The hormonal therapies used to treat many breast and prostate cancers raise the risk of a heart attack and stroke, and patients should be monitored regularly and receive treatment to reduce risk and detect problems as they occur, according to a new American Heart Association scientific statement, published today in the Association’s journal Circulation: Genomic and Precision Medicine.

“The statement provides data on the risks of each type of hormonal therapy so clinicians can use it as a guide to help manage cardiovascular risks during cancer treatment,” said Tochi M. Okwuosa, D.O., FAHA, chair of the scientific statement writing group, an associate professor of medicine and cardiology and director of Cardio-Oncology Services at Rush University Medical Center in Chicago.
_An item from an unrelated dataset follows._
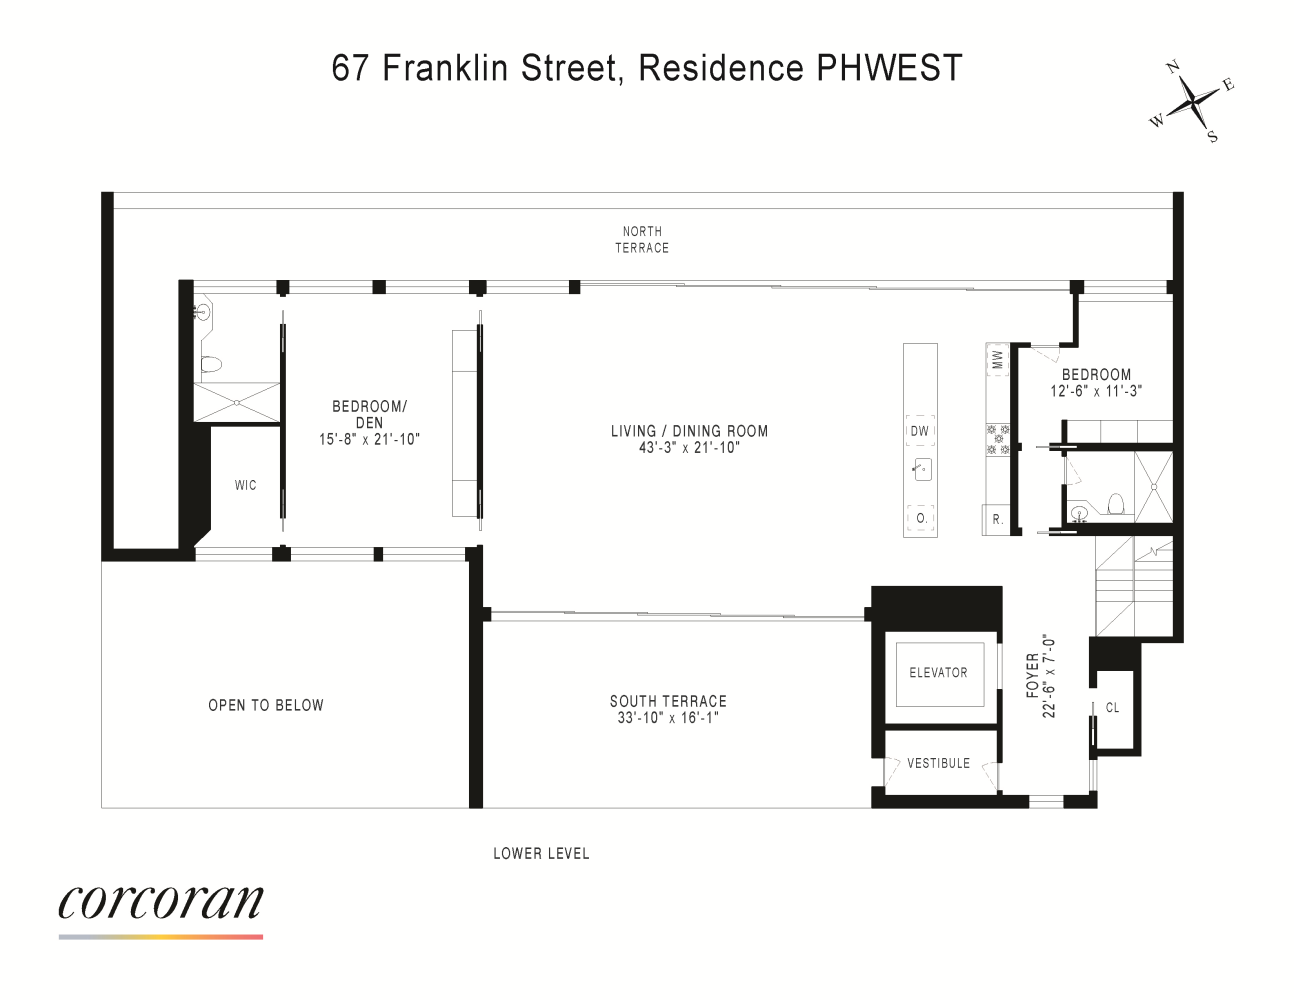 Floorplan for 67 Franklin Street, PHWEST

Hormone-dependent cancers, such as prostate and breast cancer, are the most common cancers in the United States and worldwide not including skin cancers. As improvements in treatment – including increased use of hormonal therapies – allow people with these cancers to live longer, cardiovascular disease has emerged as a leading cause of illness and death in these patients.

Hormonal treatments for breast cancer include selective estrogen receptor modulators (SERMs) and aromatase inhibitors (AIs). SERMs block estrogen receptors in cancer cells so the hormone can’t spur tumor growth, while letting estrogen act normally in other tissues such as bone and liver tissue; examples of SERMs include tamoxifen and raloxifene. Aromatase inhibitors lower the amount of estrogen produced in post-menopausal women and include exemestane, anastrozole and letrozole. Endocrine treatments for prostate cancer, called androgen deprivation therapy, include some medications that decrease production of testosterone by their action on the brain and others that block testosterone receptors found in prostate cells and some prostate cancer cells.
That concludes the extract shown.